In our ICC 2018 paper, we focus on how to maintain stable network control services during intermittent network partitioning situations. To solve this challenging problem, we propose a new leader election algorithm that can perform leader election and node clustering in line with tunable optimization objectives related to group stability, size and merging cost. We demonstrate, via experiments, that with the same stability requirement our approach achieves: (i) upto 2x larger group size and (ii) up to 12x lower merging costs than existing approaches.
Credit
This is joint work with Shaoteng Liu, Rebecca Steinert and Dejan Kostic. The work was done at RISE SICS Network Intelligence group. The full abstract is as follows:
Abstract
We propose a novel distributed leader election algorithm to deal with the controller and control service availability issues in programmable networks, such as Software Defined Networks (SDN) or programmable Radio Access Network (RAN). Our approach can deal with a wide range of network failures, especially intermittent network partitions, where splitting and merging of a network repeatedly occur.
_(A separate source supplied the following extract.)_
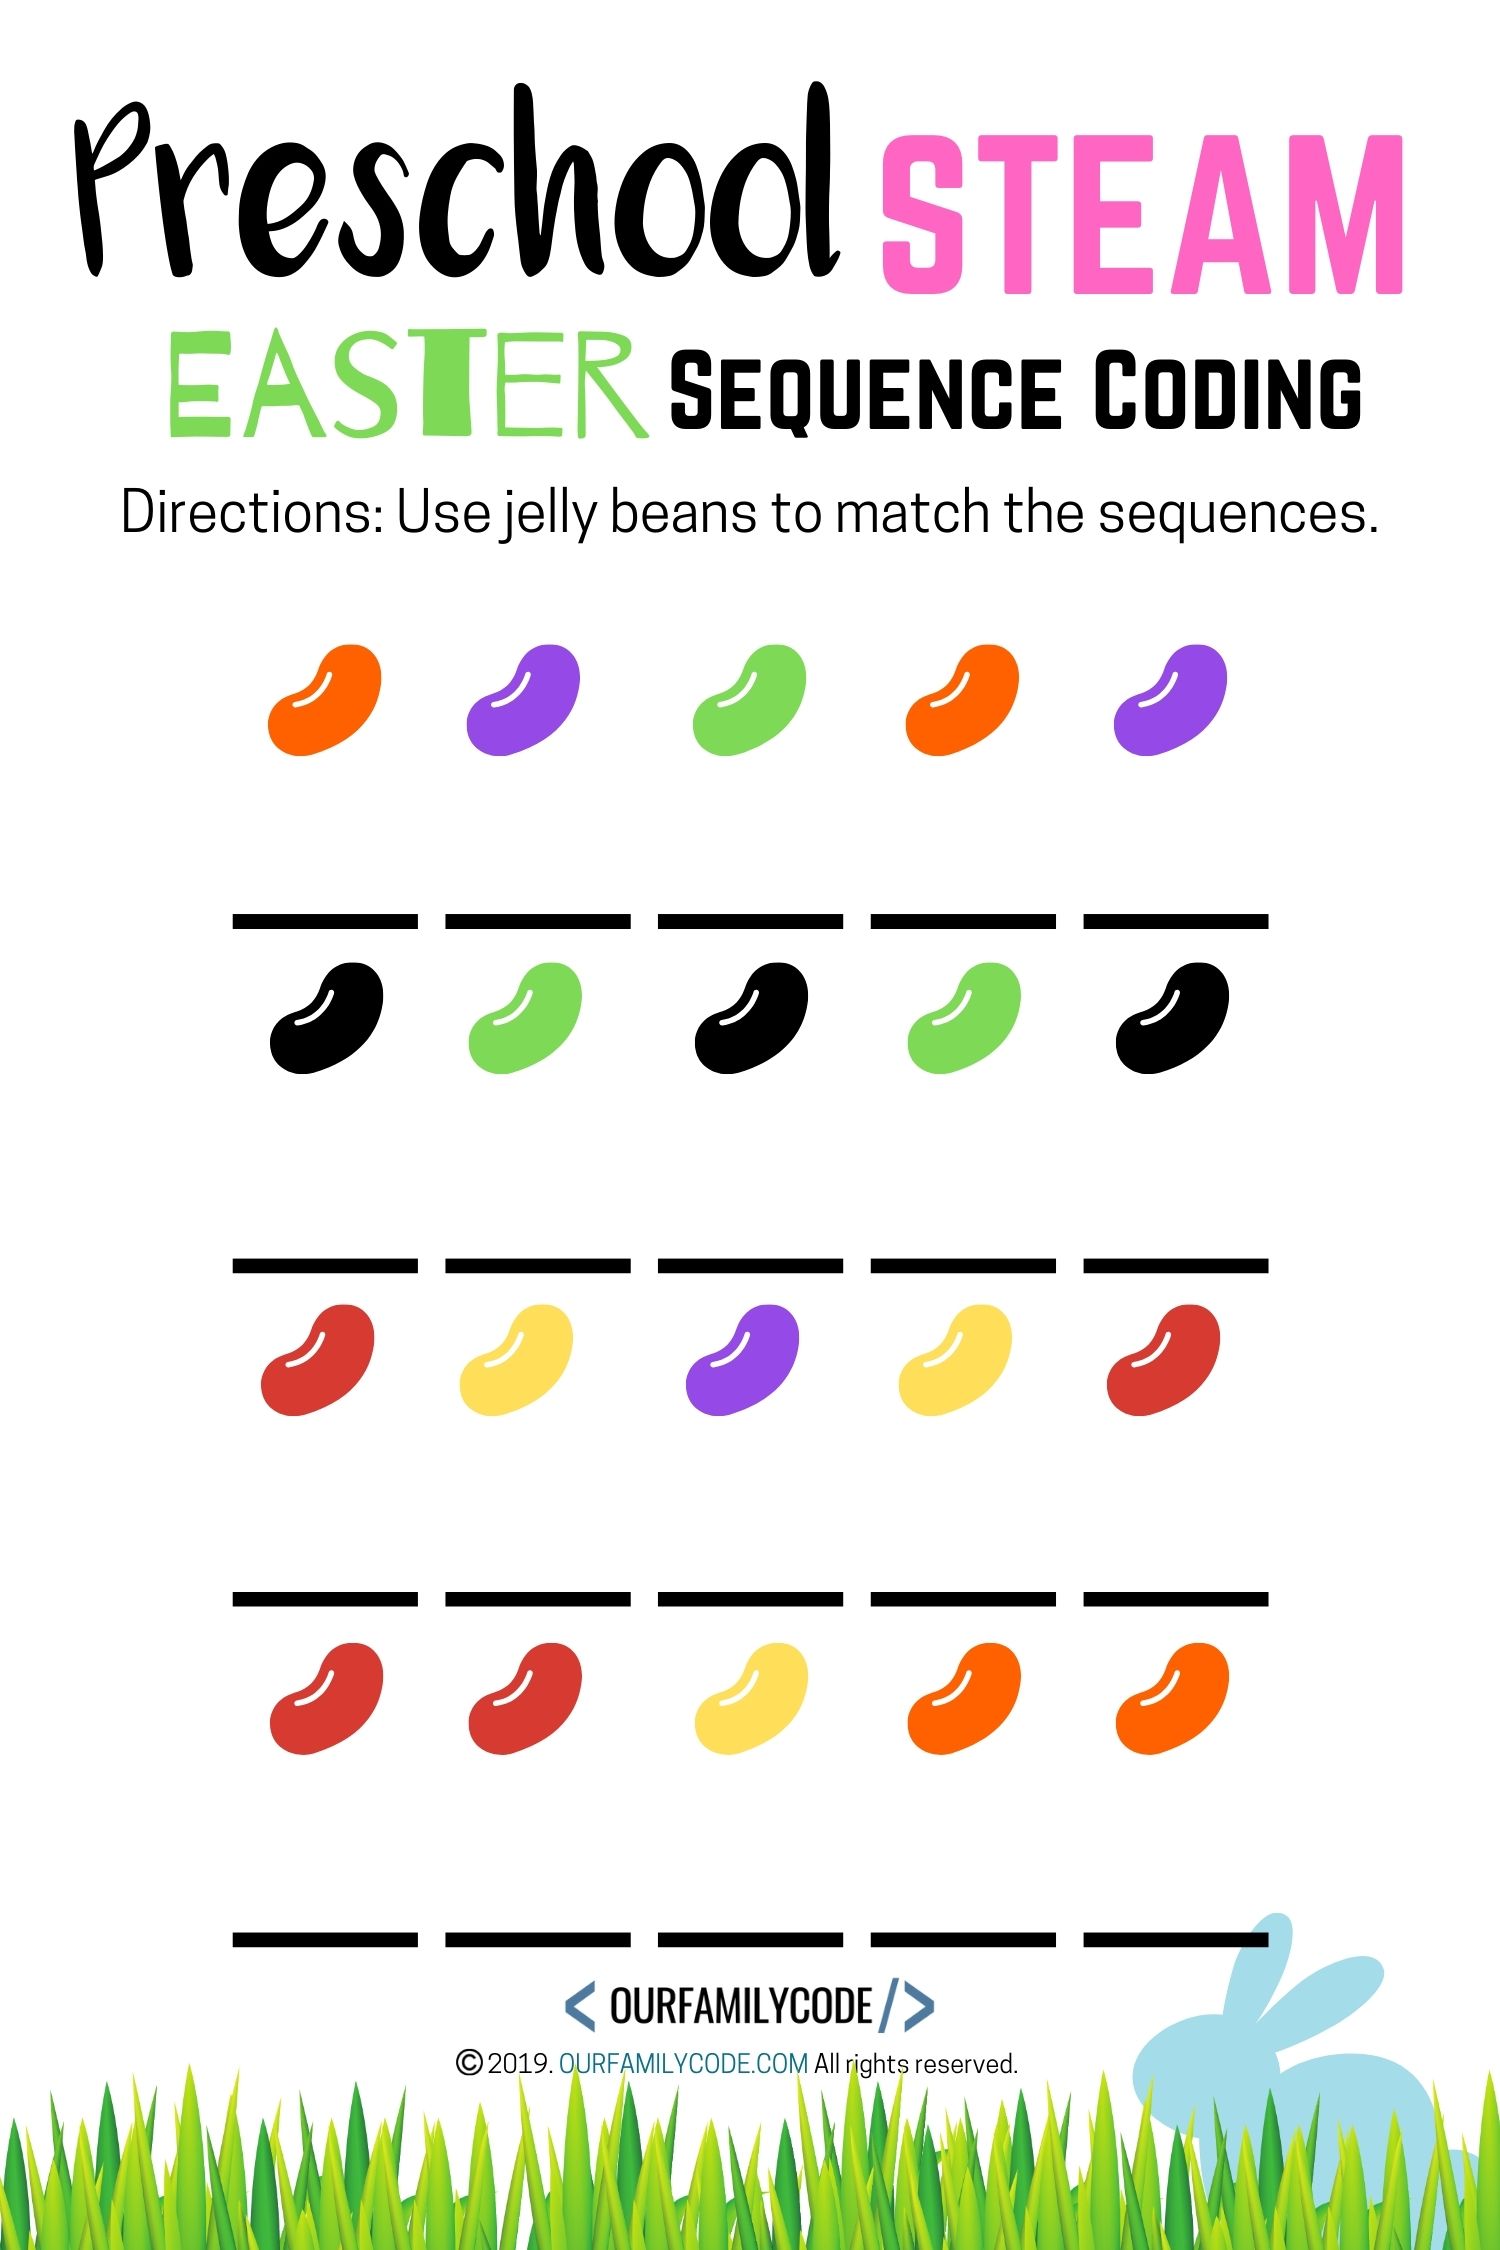 Grab these free preschool STEAM Easter sequence coding worksheets to practice sequencing today and finish writing sequences with jelly beans! #coding #teachkidstocode #STEAM #STEM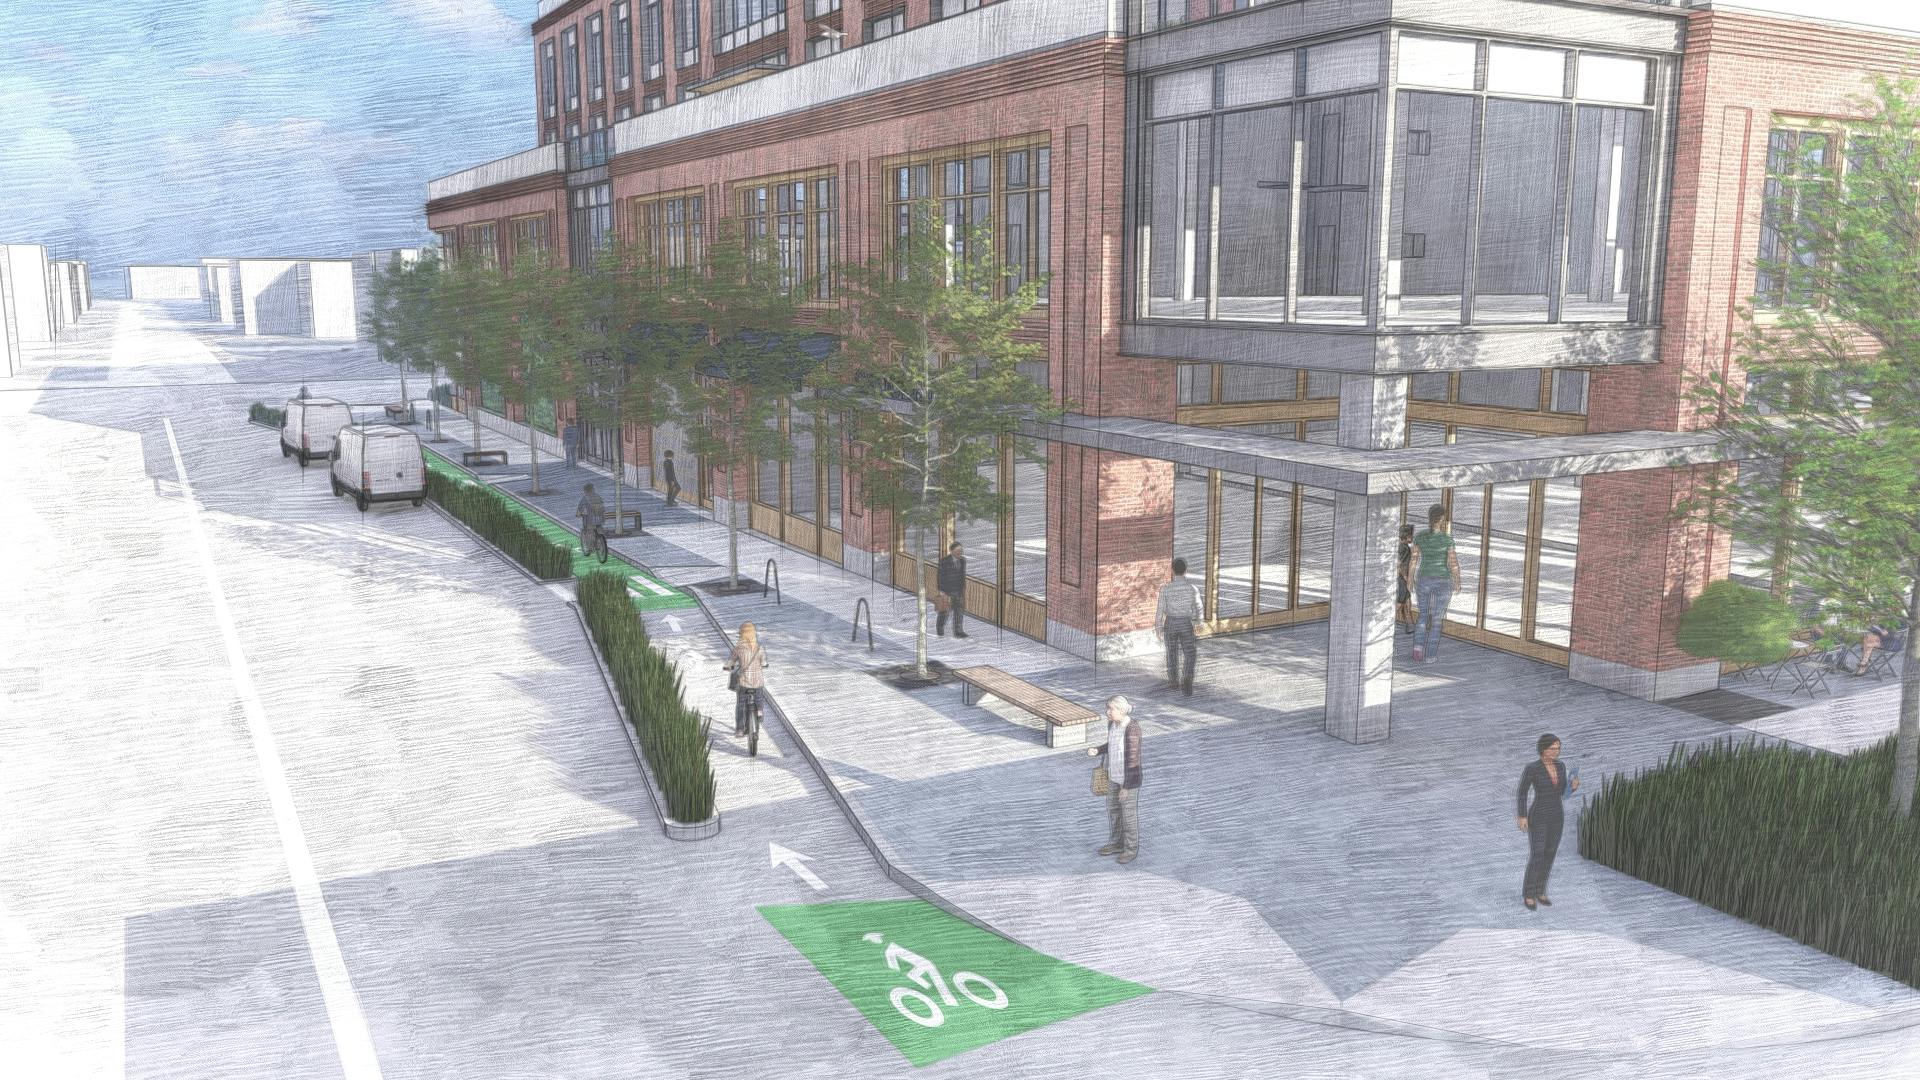 3D project of B Street South - view at an angle

In contrast to traditional leader election algorithms that mainly focus on the (eventual) consensus on one leader, the proposed algorithm aims at optimizing control service availability, stability and reducing the controller state synchronization effort during intermittent network partitioning situations. To this end, we design a new framework that enables dynamic leader election based on real-time estimates acquired from statistical monitoring. With this framework, the proposed leader election algorithm has the capability of being flexibly configured to achieve different optimization objectives, while adapting to various failure patterns. Compared with two existing algorithms, our approach can significantly reduce the synchronization overhead (up to 12x) due to controller state updates, and maintain up to twice more nodes under a controller.